- BRIEF: An exact repeat is needed of the lines from the one with "Montec Moss Black" through the last line of the data below. Please omit the pictures.

- EXERCISE DATA:

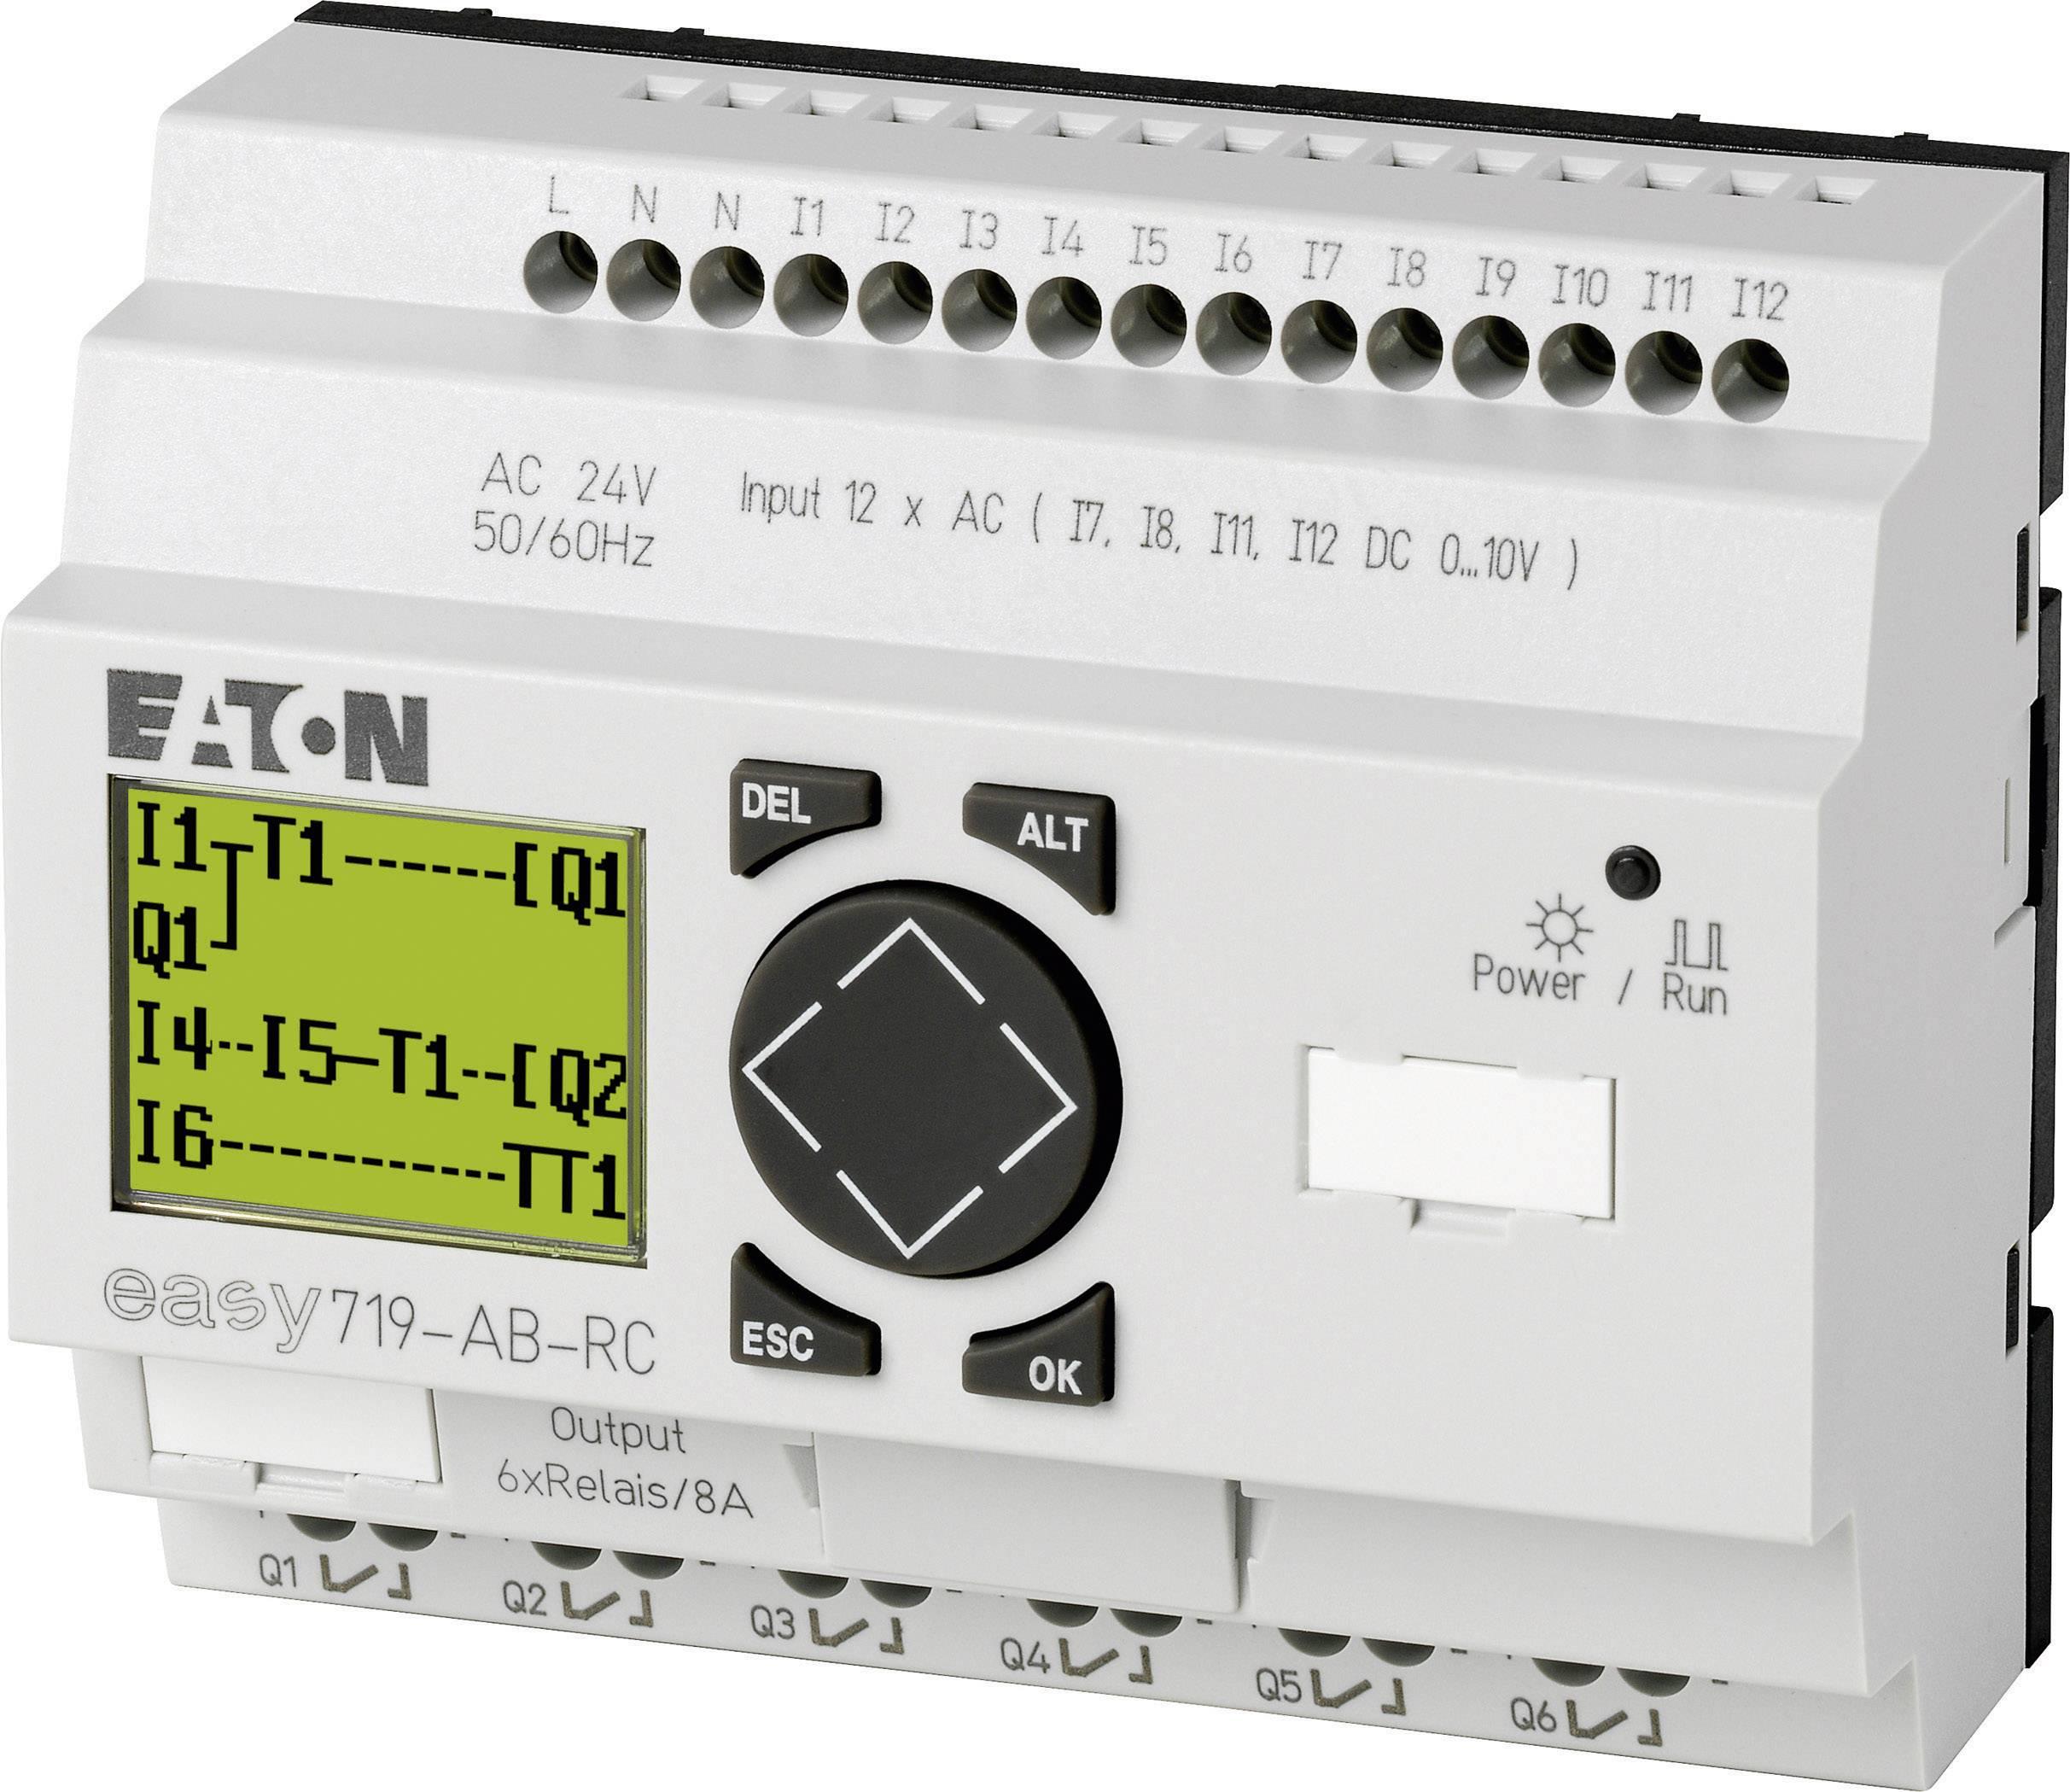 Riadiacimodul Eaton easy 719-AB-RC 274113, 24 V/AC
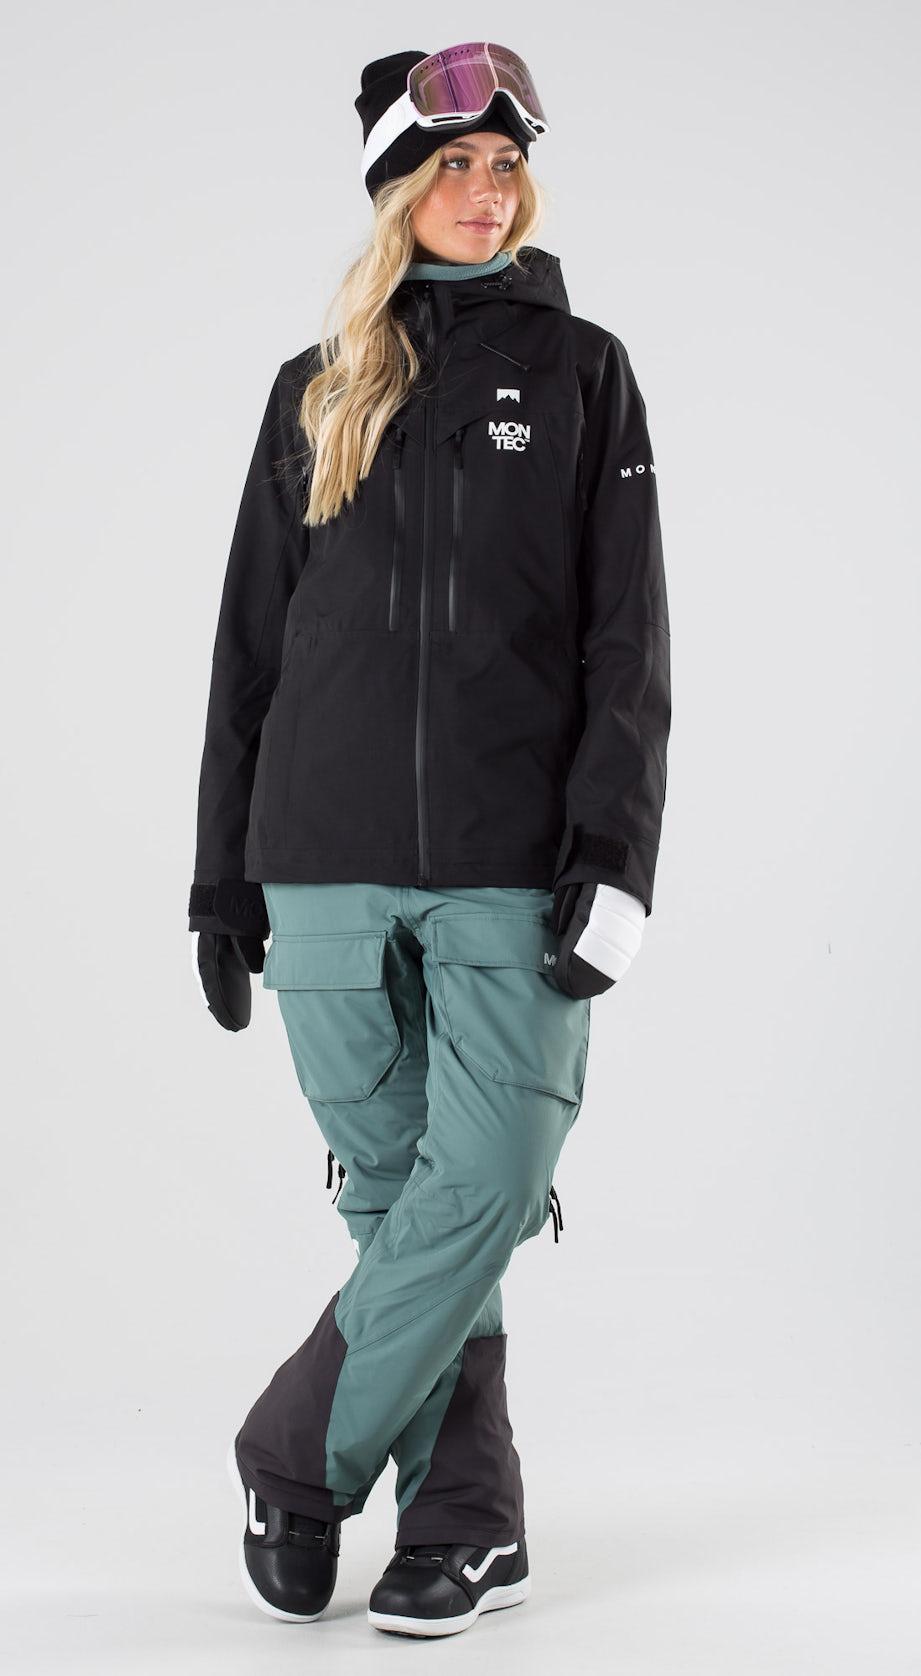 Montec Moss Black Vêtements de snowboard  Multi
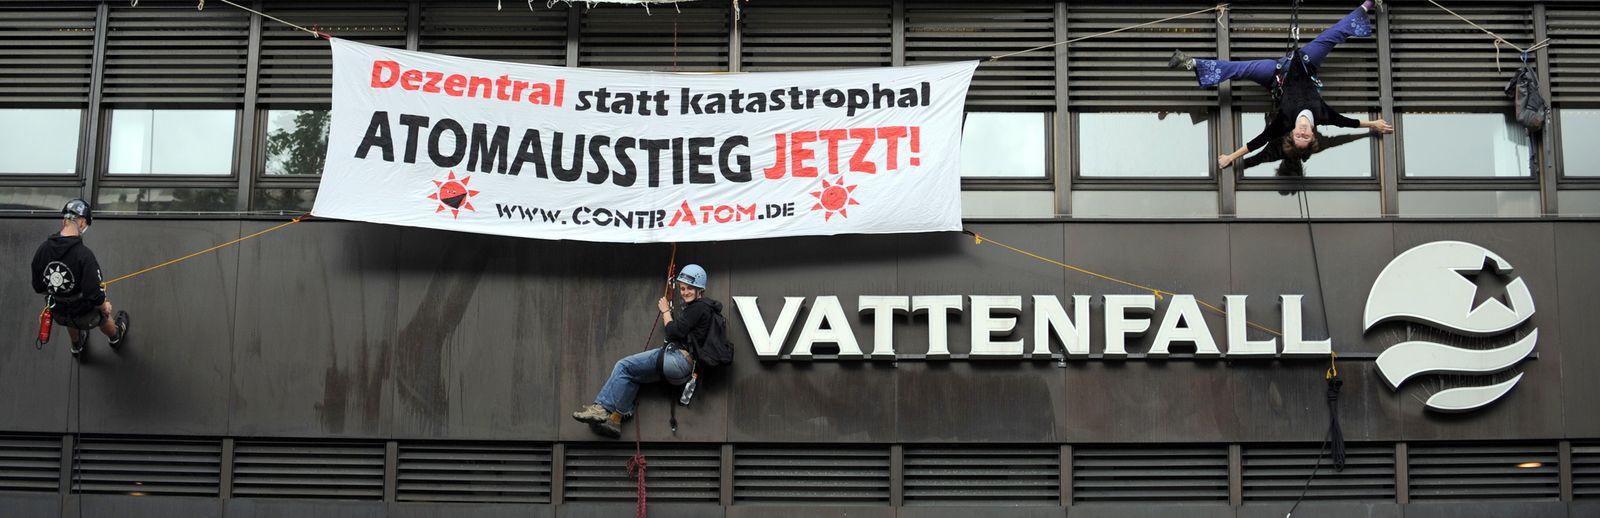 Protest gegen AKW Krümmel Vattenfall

- RESPONSE BOX:
 Montec Moss Black Vêtements de snowboard  Multi
 Protest gegen AKW Krümmel Vattenfall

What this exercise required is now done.